Recorded information:
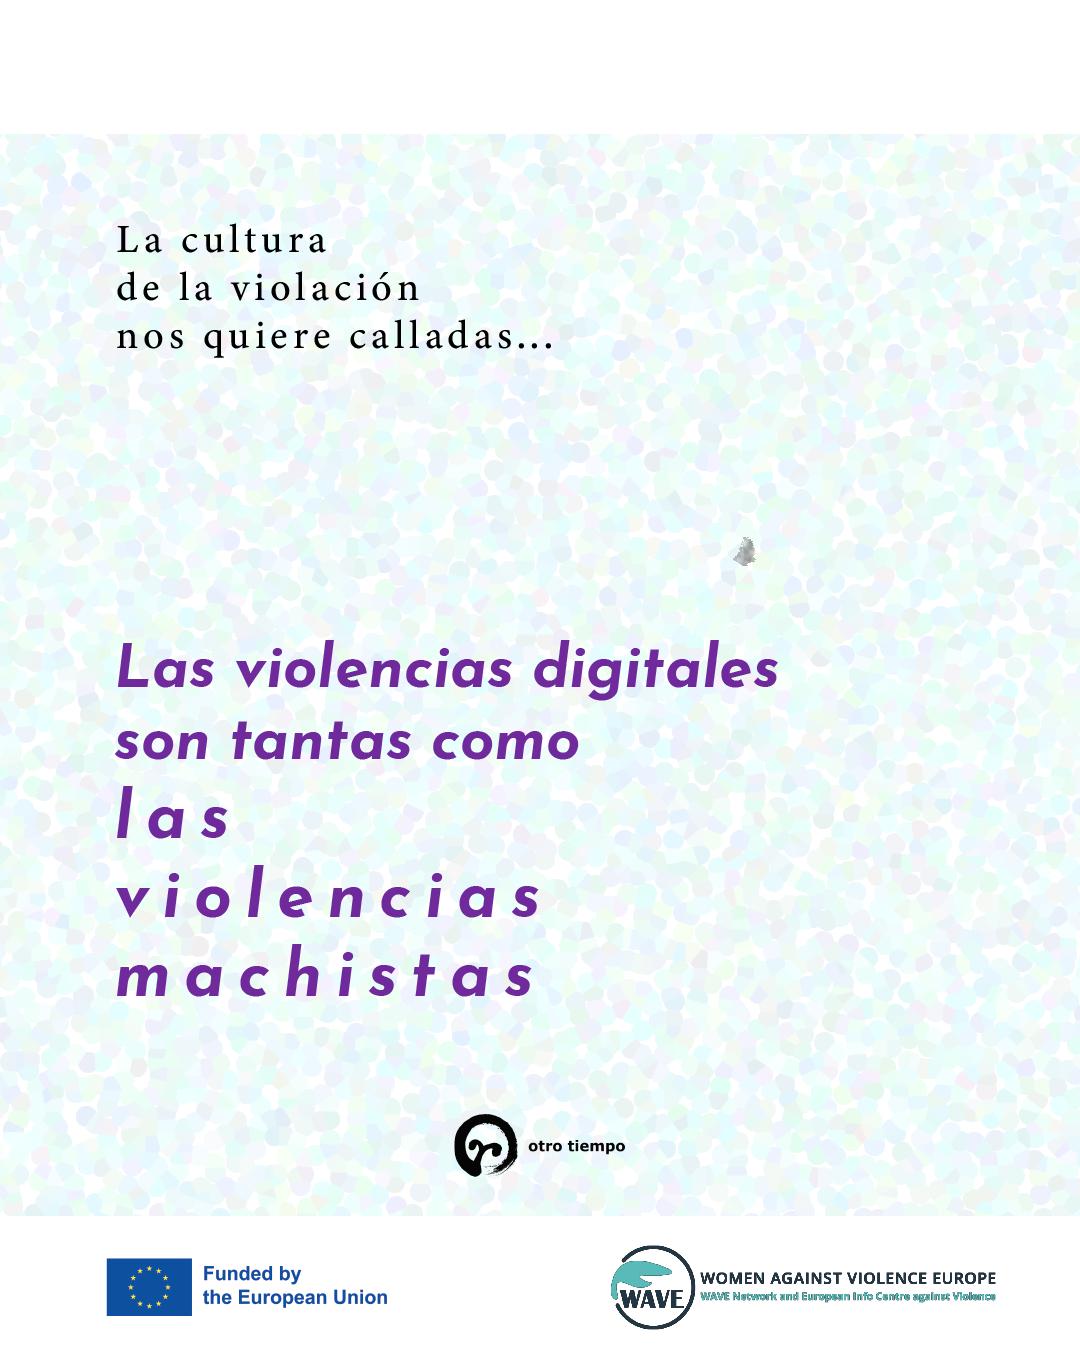 Imagen campaña Juntas combatimos violencias machistas de otro tiempo feminista 2022.
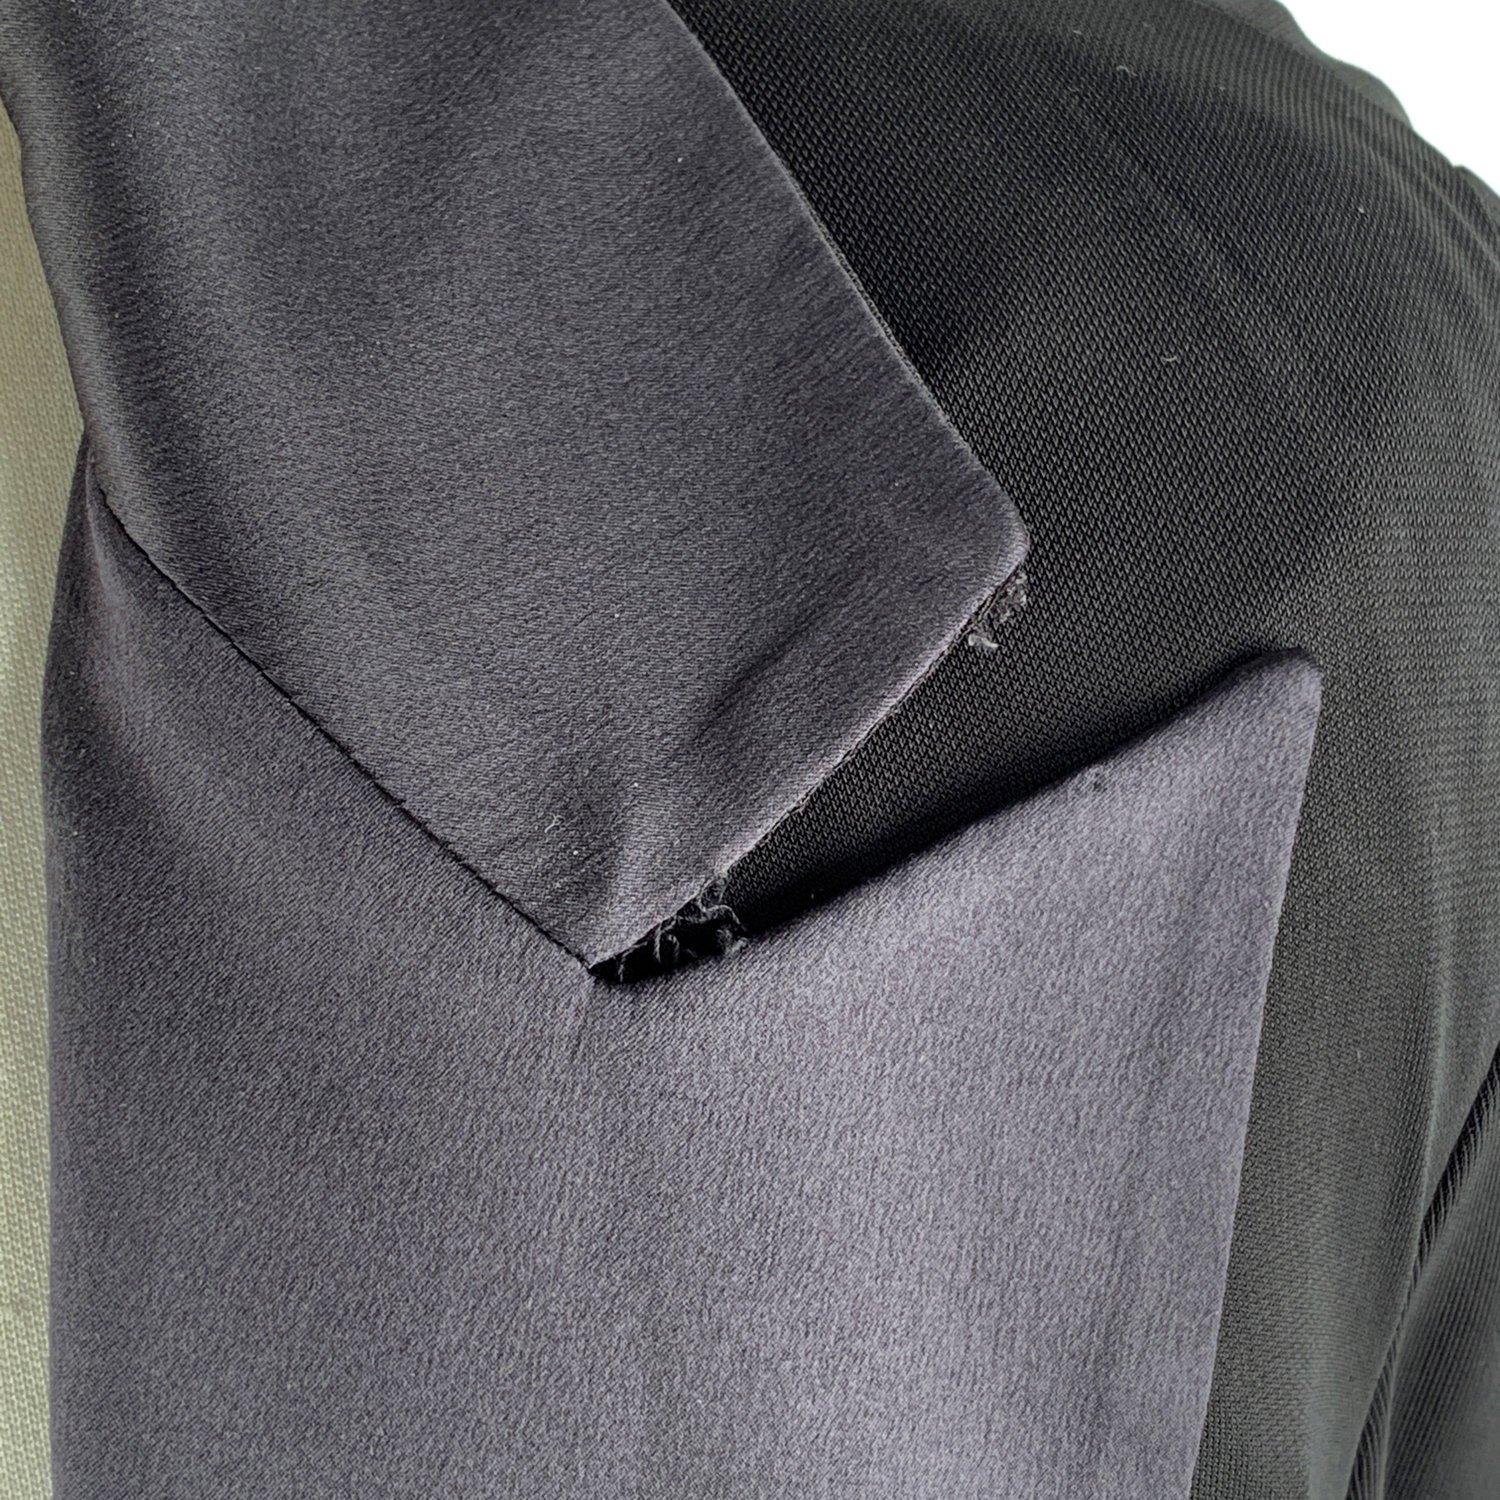 Gianfranco Ferré Black Blazer Jacket with Silk Trim Size 44 2
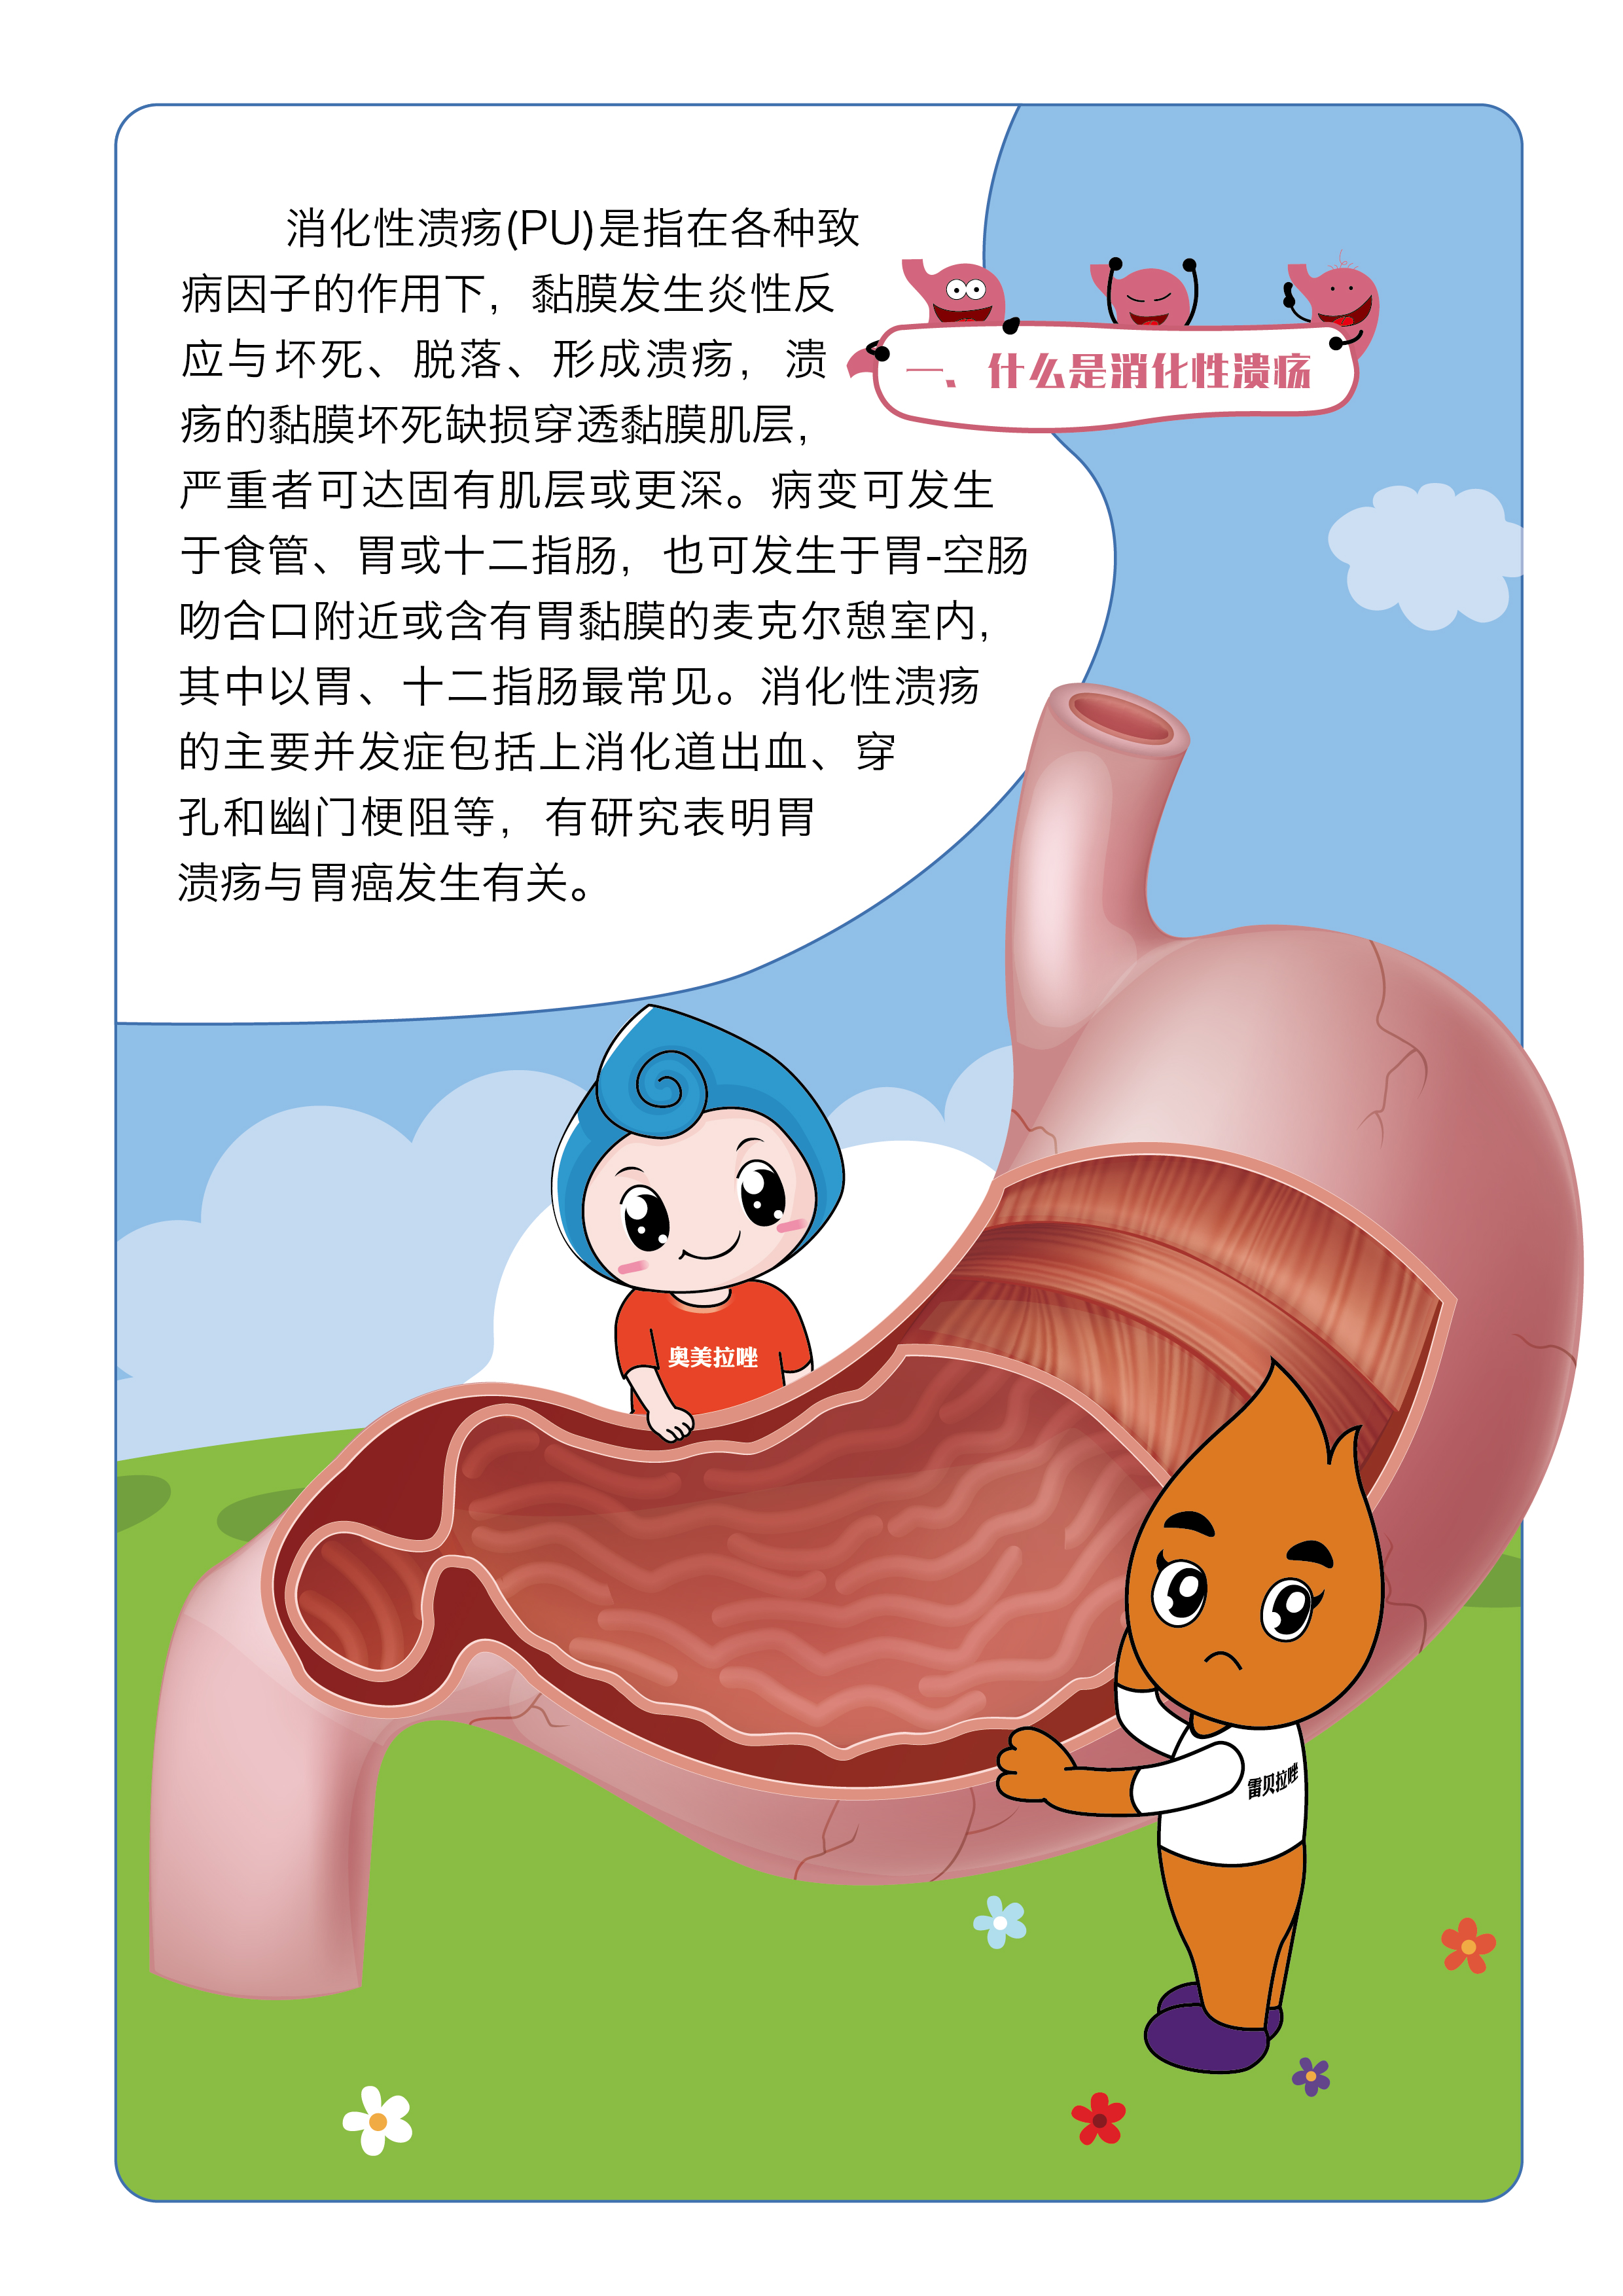 科技文摘 _ “胃癌中的胃癌”有望找到靶向药物！中国学者完成首个弥漫型胃癌蛋白质组学图谱

Task brief: The listing above is to be written out again exactly, with its pictures omitted.

Answer to this exercise:
 Imagen campaña Juntas combatimos violencias machistas de otro tiempo feminista 2022.
 Gianfranco Ferré Black Blazer Jacket with Silk Trim Size 44 2
 科技文摘 _ “胃癌中的胃癌”有望找到靶向药物！中国学者完成首个弥漫型胃癌蛋白质组学图谱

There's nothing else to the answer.